Altmetrics are increasingly used in medical journals: they provide a cumulative measure of tweets
and other social media activity, plus a breakdown by geography and demographic (e.g. members of
public, healthcare professionals, scientists etc).5 The NodeXL and altmetrics data are complementary
(the latter can be viewed through the metrics tab on BMJ articles). While NodeXL gives individual
breakdown and interaction of recent tweets (typically no more than 9 days into the past), altmetrics
data gives aggregate data, at considerable detail, on a cumulative basis. Of note, altmetrics suggest
that Twitter is much more commonly used for dissemination of information from the BMJ than other
social media platforms (e.g. Facebook and Google+), which strengthens the rationale for focusing on
Twitter in this initial NodeXL analysis.
Each NodeXL map needs careful interpretation, though only a sketch of selected maps is possible
here. If searching for a Twitter handle (Twitter username eg @bmj_latest), NodeXL identifies tweets
from that account, plus tweeters that interact with that account (e.g. a reply, retweet, or a tweet
mentioning that account). Somebody else mentioning this account in their tweet, with interactions
for some of these tweets, can appear prominently on a NodeXL map. This is potentially important
information, but does not necessarily equate to a positive interaction with the main account in the
search. NodeXL can also search for words and hashtags; we avoided hashtags for this analysis, as it
restricted the number of tweets identified (for example, a search term “#NHS turns up many fewer
tweets than NHS, which captures tweets using either NHS or #NHS).

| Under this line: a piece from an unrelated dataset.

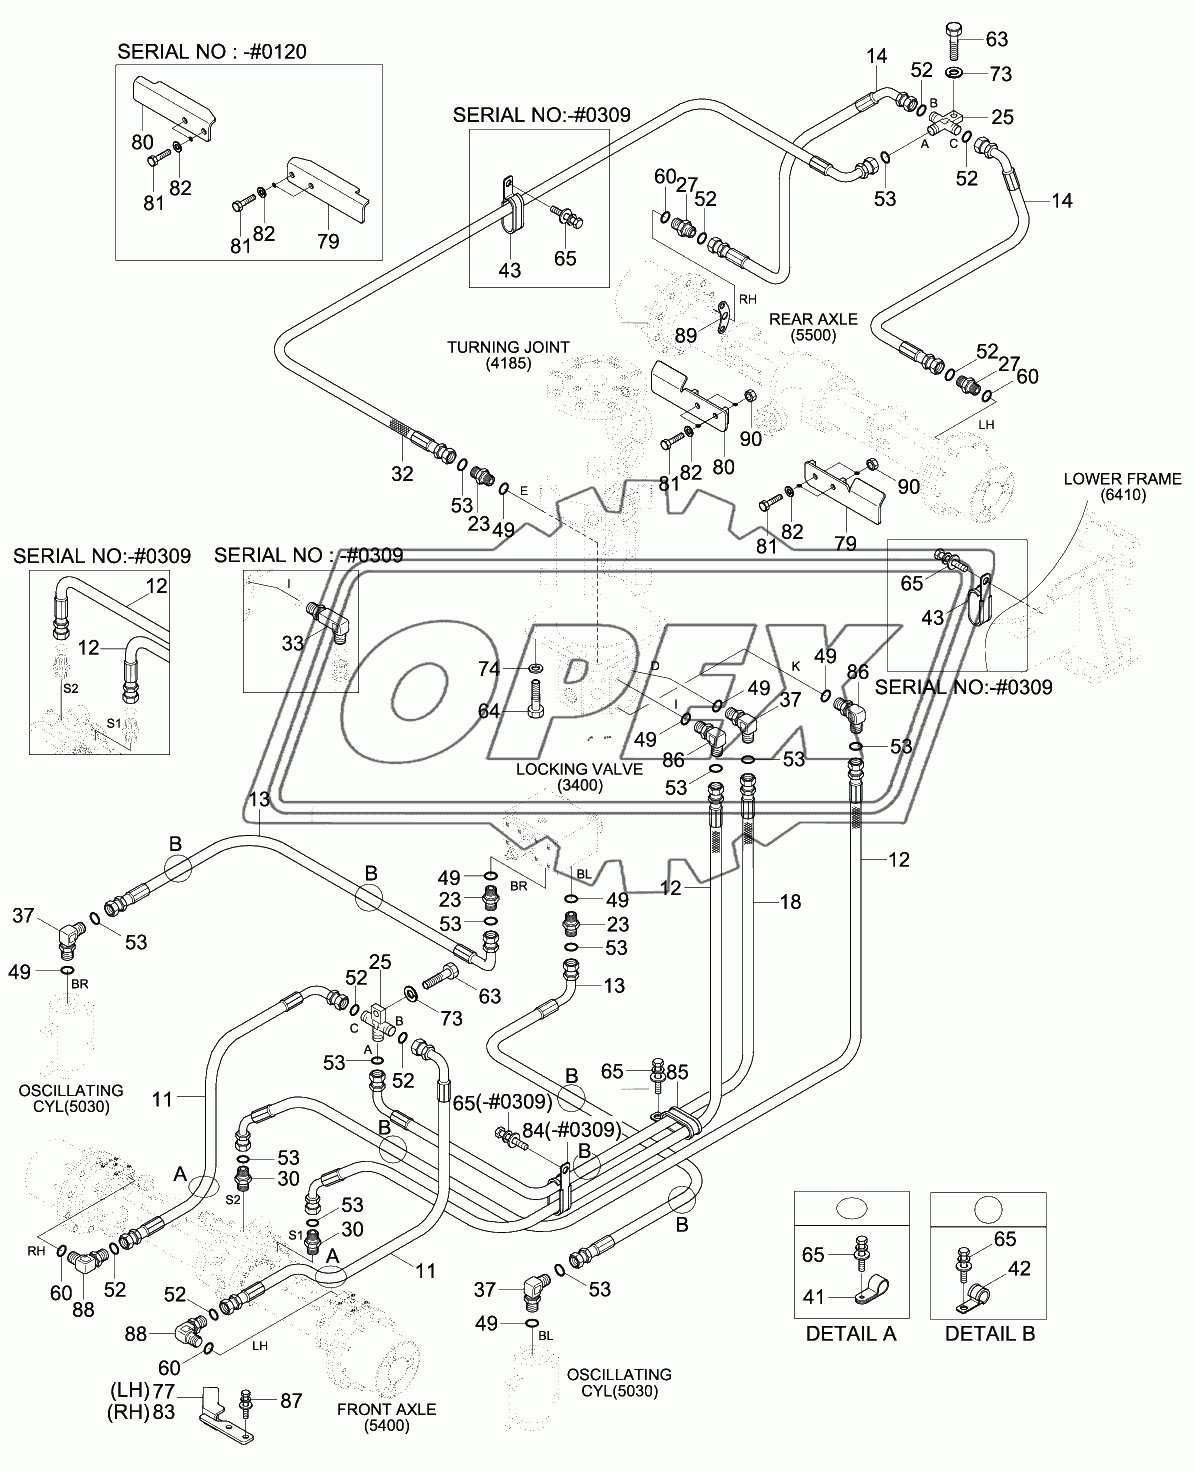 LOWER HYD PIPING 2 (#0074-)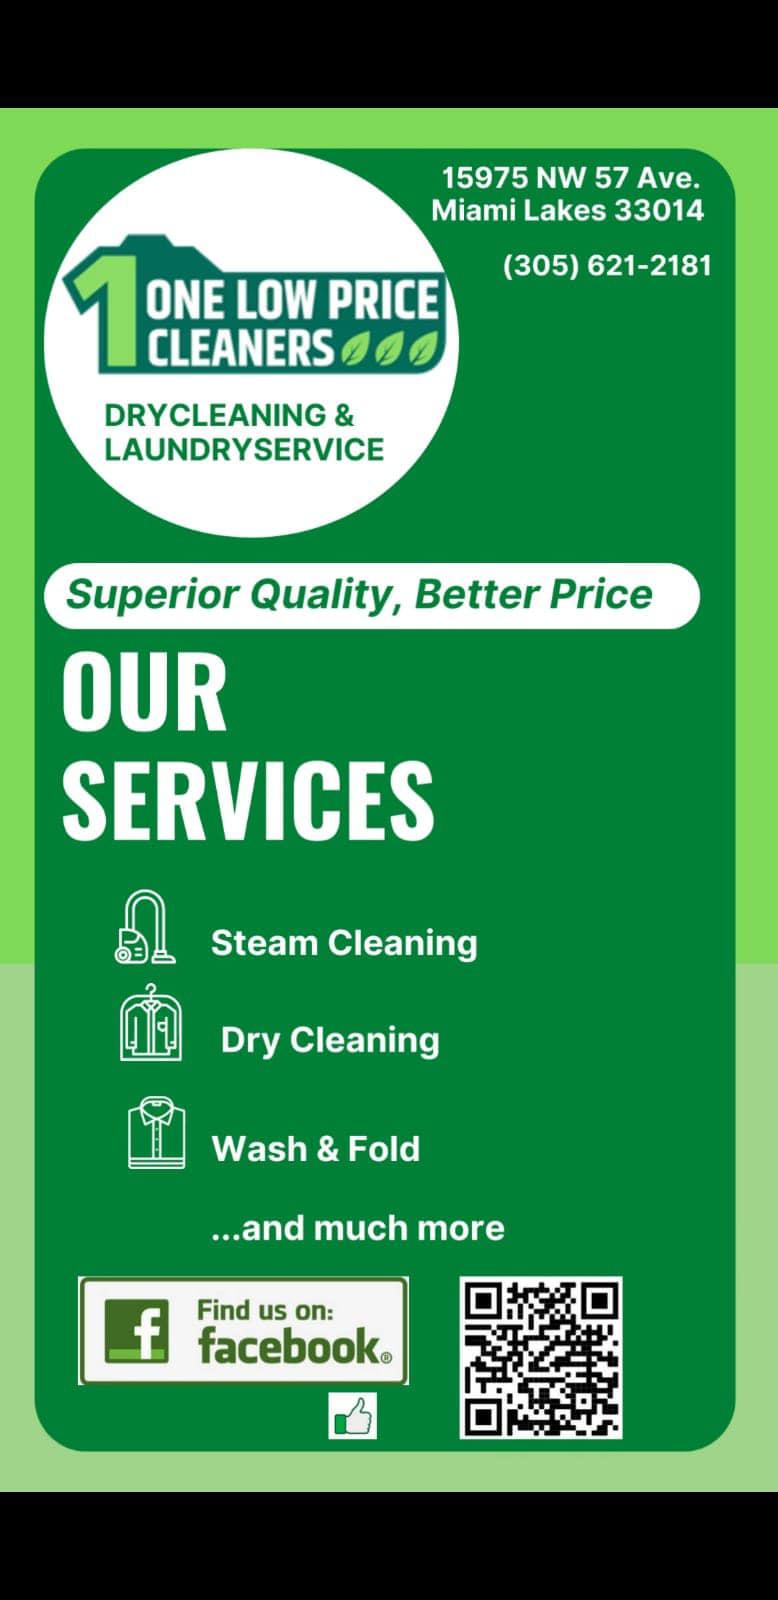 One Low Price Cleaners

One of the striking points from the maps of general and specialist press (figures 1 and 4) is the lack
of direct interaction between the main opinion formers in these two sectors: a newspaper may
tweet a health story, and perhaps provide a link to the published study in the article, but will rarely
use the author or publisher Twitter handles in the article or tweets. The bridges between groups on
these maps are often individual tweeters with medium to large Twitter followers rather than the
publishers themselves. The lack of interaction between the publishers’ accounts is potentially a
missed opportunity: the newspaper, medical journal and clinician/scientist all have a part to play in
the dissemination of the story, and the interaction possible from a tweet could further the
audience’s interest and interaction in the story and ultimately perhaps the understanding of the
evidence; there is, of course also the potential for more negative interactions/spam tweeting, so
there would be a balance to reach after testing out this idea.
9
The pattern observed in NodeXL maps also needs interpretation in the context of all other available
information. For example, the tweets around the search for the Margaret McCartney article (3rd URL
in @bmj_latest search (search 2)) clustered around 2 main groups and a smaller number of more
isolated tweeting. The two main groups had different membership, and different words/word pairs
and hashtags were dominant for the different groups in the NodeXL report, but these were two
groups of medical professionals in agreement over the general message we need to promote
evidence based approaches when others are all too keen to resort to celebrity endorsements. There
was quite a lot of cross-pollination between the two groups in the map. Beyond this particular map,
members of both groups are well known to each other and many would see each other as colleagues
and allies on Twitter and/or the real world. As another example, the more complex map of the
Trump/Brexit/NHS tweets in the first of the Independent stories identified in search 1 (general
health news) had more groups, with less interaction between groups, but again these groups were
tweeting similar messages, expressing concern about the potential US-UK trade deal, and its impact
on the NHS, albeit with a different vocabulary in different groups. Separation and lack of interaction
is different from polarisation, so caution is required in reading these maps. The groupings on these
maps are not examples of the “filter bubble”6; they are perhaps more accurately described as people
sharing the same bubble (i.e. reading the same newspapers, watching/ listening to the same
programmes) but rarely encountering each other perhaps as much on social media as in the real
world.
There are limitations to the analysis. Social analytical tools are limited by the information that
individual tweeters choose to share in their profile, with geolocation often incomplete or
ambiguous. Hence the decision to focus on UK media outlets, and inclusion of NHS in some of the
search terms. It should be noted that many tweeters do not include their location anyway, so a
location-based search would also have its limitations, restricting the number of tweets down to
substantially smaller numbers.
Even with a powerful PC there were challenges in extracting and processing all the information
required for this analysis, and this impacted the number of tweets extracted (limited to a maximum
of 10,000 tweets or fewer, rather than the 18,000 allowed by NodeXL). The time to run a single map
(up to 2 hours for the largest searches, often requiring refinement and rerunning before finding a
suitable search) also influenced the dates of the data extraction with limited computer access for
extraction and analysis, despite an attempt to run the analyses and write the paper in as short a
period as possible, the time span of the final search starts after the period of the first search.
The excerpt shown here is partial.